What to Do if You’re Facing Criminal Charges in Texas

What to Do if You’re Facing Criminal Charges in Texas

Are you facing criminal charges in Texas and wondering what steps you should take? Above all, the first thing you need to do is contact an attorney.

You don’t have to commit to hiring any specific attorney right away – you can get a free consultation from a few different attorneys before making your decision.

However, don’t wait to make contact. Reaching out will help you understand your legal options better.

1. You need an attorney for all criminal charges

It doesn’t matter how small your charges are – all criminal charges require a skilled attorney. There are nuances you won’t be able to navigate in the courtroom if you try to represent yourself. Doing so could create a disastrous case outcome.

Some of the most common criminal charges people face in Texas include:

  • Drug charges
  • Aggravated assault
  • DWI/DUI
  • Assault/aggravated assault
  • Robbery
  • Murder
  • Manslaughter
  • Sexual assault/rape

All of these charges are serious and you’ll have the best chance at an ideal case outcome with an attorney.

2. Don’t talk to the police

You’ve heard people say, “don’t talk to the police,” and this is solid advice. However, the reason you don’t want to talk to the police is a little more nuanced than you might think.

The Fifth Amendment to the United States Constitution protects you against self-incrimination. Anything and everything you say to a police officer can be self-incriminating.

The biggest problem with talking to the police is that anything you say can and will be used against you in court. However, nothing you say can be used in your defense. Anything you tell a police officer is considered hearsay and cannot be used as evidence.

Although what you say to a police officer can’t be used as evidence, it can create a sticky situation. For example, if a police officer lies and says you admitted to the crime, you’ll now have someone’s word against yours. Even if it’s not used as evidence, it will paint a shaky picture for the judge and jury.

Maintain the ability to state that you never spoke to the police and no conversation took place. However, ask your attorney for advice on how to interact with police and politely decline their requests for a conversation.

3. Don’t post on social media

Social media is the last place you should be when you’re facing criminal charges. The prosecution will scour your social media accounts for information that could be used against you. This might include posts, comments, and photos.

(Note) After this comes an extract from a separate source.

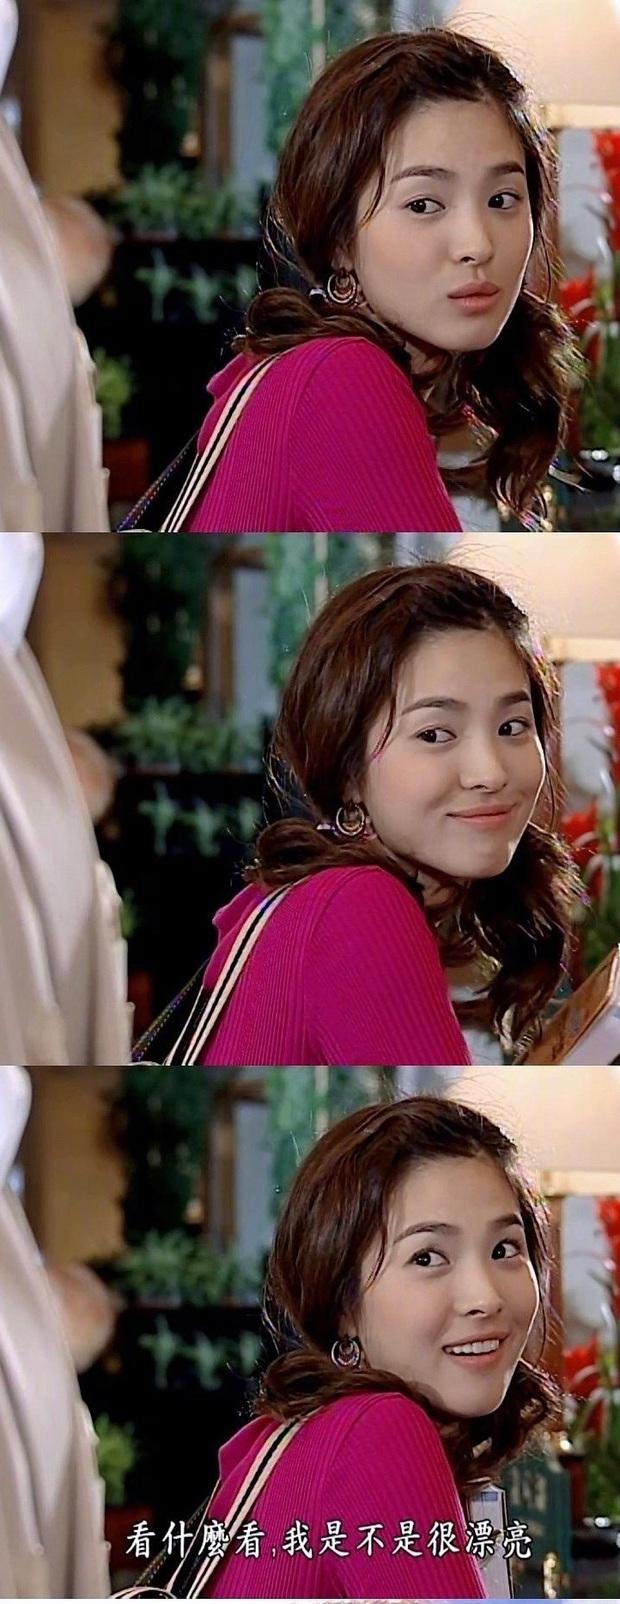 Ngắm lại nhan sắc Song Hye Kyo thuở Full House mới hiểu vì sao Hyun Bin, Song Joong Ki mê nàng như điếu đổ - Ảnh 4.

Stay off of social media completely when you’re facing criminal charges. Don’t post comments, don’t post to your timeline, and don’t upload any photos, even if they’re old. Don’t even upload photos of your pets because anything in the background of the photo could be used against you. Also, a photo’s EXIF data could also be used to establish your whereabouts, so err on the side of caution and ignore social media.

Although you should abandon posting, don’t delete any of your posts. If you delete your posts, comments, or photos, the prosecution might accuse you of destroying evidence. Instead, lock down your accounts by making them private, cull your friends list if needed, and turn all of your existing posts to friends-only. You might be required to provide access to your account, but don’t make it easy.

4. Don’t discuss your case with anyone

It’s tempting to discuss your case with your friends and family, but resist the temptation, no matter how hard it gets. You might have one friend you can talk with about your case in confidence, but anything you say to other people could end up being used against you if they are subpoenaed to testify.

When you talk to people about your case, you don’t realize those conversations could put them in an awkward position later on. They might not even want to testify, but if they must, their testimony could end up ruining your friendship.

Keep all discussions about your case between you and your attorney to ensure you get the best possible case outcome.

Keep your stress levels low

Perhaps the most important thing to do when facing criminal charges is to keep your stress levels low. Stress creates many health problems, and it also perpetuates anxiety that can make you feel angry or depressed.

Take care of yourself as much as possible. Eat good food, go for walks, and take long, hot baths. Prioritize taking care of yourself so you can be in a good emotional state when you go to court.